YANIS VAROUFAKIS: The vision was really very, very simple. After 2008, the bankers of the world united, forming a bankers’ international. And they got the G7 to bankroll them and, effectively, to cover for all their huge losses after 2008 by getting the central banks of the world to print enough money to give them. That’s how they bailed them out. So there is a bankers’ international. The result, we can see everywhere, from Seattle all the way to Missouri, and, you know, from New York all the way to India and to, you know, to sub-Saharan Africa and to the European Union: austerity for the many and socialism for the very few.

Soon after that, the discontent that the bankers’ international created fed into right-wing, xenophobic populism. And they internationalized. You know, Donald Trump, Prime Minister Modi of India, Bolsonaro in Brazil, all the neofascists in Europe, they loved each other — the Brexiteers, the right-wing Brexiteers in Britain. And they collaborated magnificently. So there was a nationalist or ultranationalist international — which is a contradiction, but it’s not really, because they cooperate. The only people who never manage to get together and collaborate are the progressives.

So, this is what, you know, Bernie and I said in Vermont in November 2018, that it’s about time. And we called upon people of the Earth to collaborate in the context of a Progressive International. Now, then Bernie had, of course, to run for president. And he did very well, and we all supported him. And I’m very pleased that he has taken up the opportunity that Biden has given him to try to push the American Senate in a progressive direction. At some point he’s going to be eaten alive by this regime, but it’s good that he’s trying. The rest of us are putting together and they are realizing that vision of the Progressive International.

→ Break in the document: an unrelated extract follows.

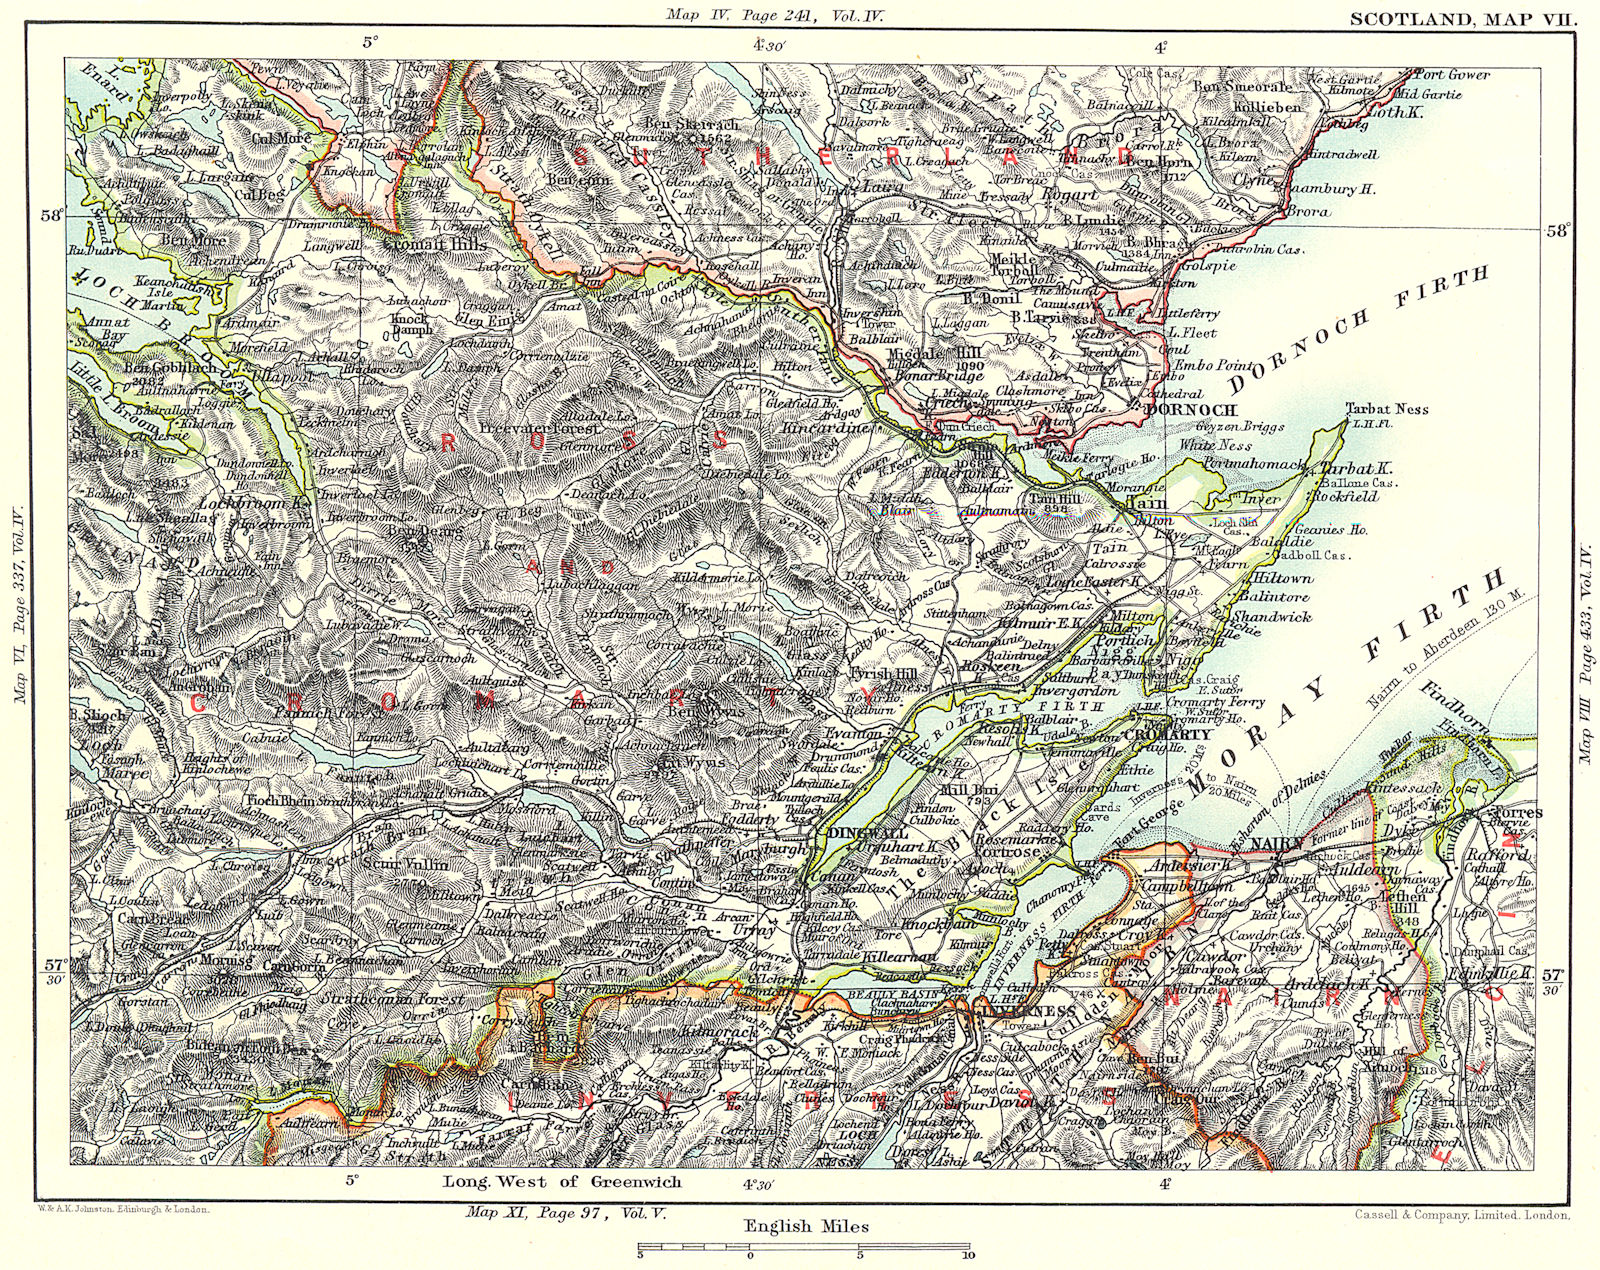 SCOTTISH HIGHLANDS. Ross/Cromarty Moray Firth Inverness Nairn Dingwall  1893 map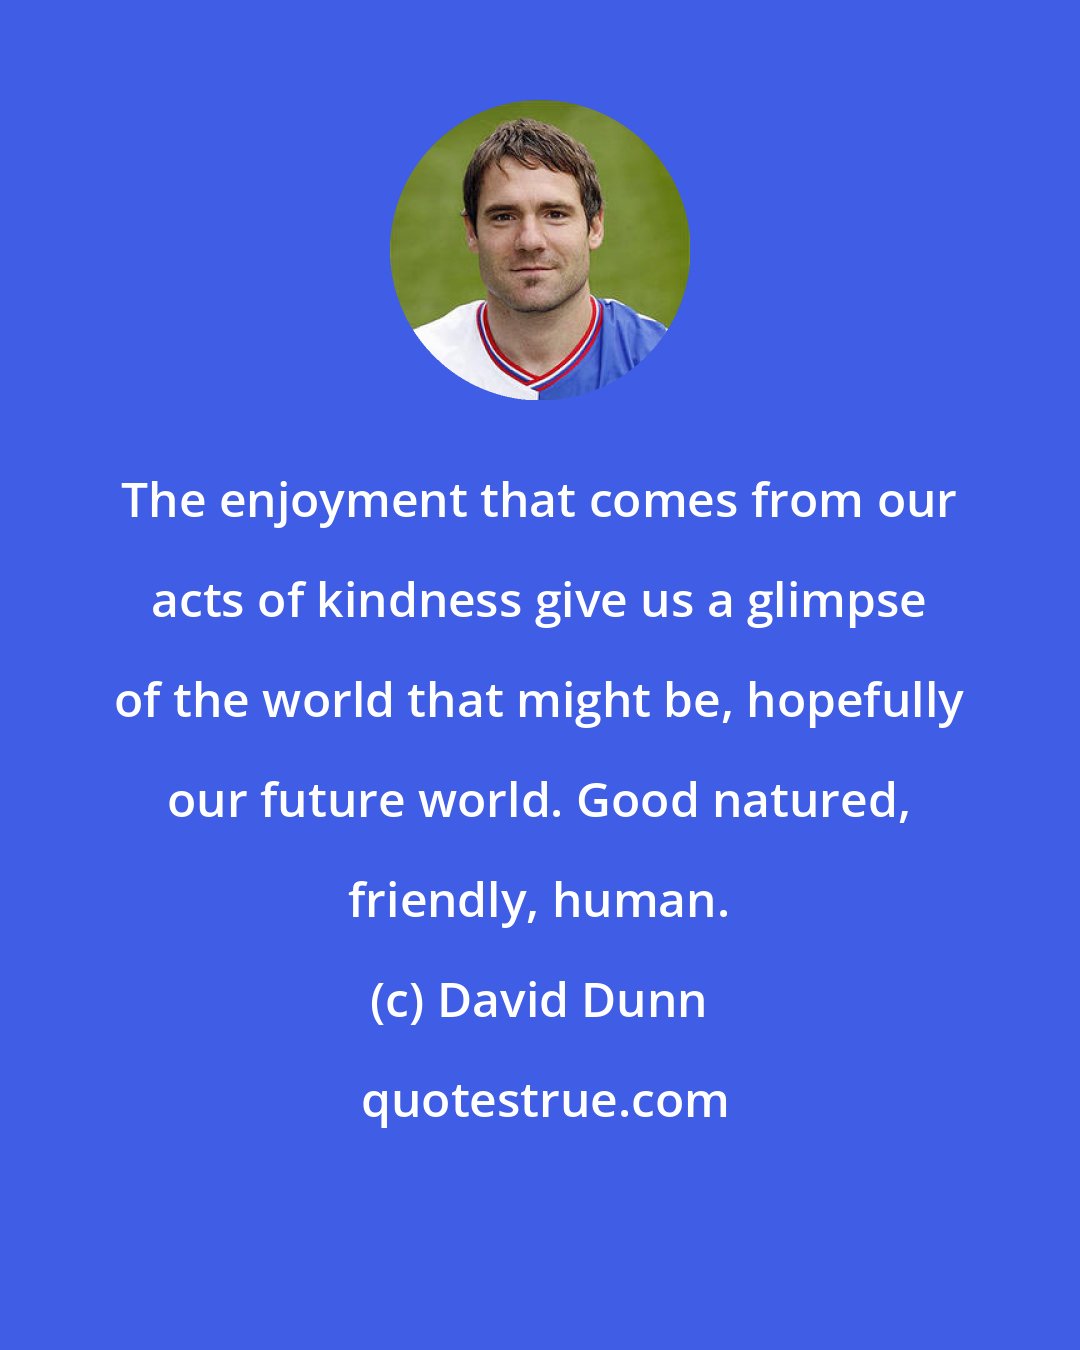 David Dunn: The enjoyment that comes from our acts of kindness give us a glimpse of the world that might be, hopefully our future world. Good natured, friendly, human.

And let me give you an example. During Black Friday, last December, we organized a unique industrial action. We called it #MakeAmazonPay, in support of workers that are exploited, both in terms of low pay but also in terms of the automation of their bodies through the machinery that Amazon uses in its warehouses — [inaudible] humans, without humanizing the robots. So, we had this rolling strike in Amazon warehouses that was called and organized by the Progressive International. It started in Bangladesh. On the same day, it rolled into India. Then it went to Germany. Then it went to New Jersey. Then it went to Seattle. This is the kind of thing we’re doing.

We now have an organization comprising different trade unions and climate activists around the world, and so on, and antiwar movements. We have about 200 million people that are, through their organizations, participating in the Progressive International. You know, we’re trying to make this work in the way that the bankers and the fascists have completely made it clear we need to move, to internationalize, because it’s the only way of fighting them.

AMY GOODMAN: Well, Yanis Varoufakis, I want to thank you so much for being with us, member of the Greek Parliament, former finance minister of Greece. His new book is a novel. It’s titled Another Now. This is Democracy Now!, democracynow.org. I’m Amy Goodman.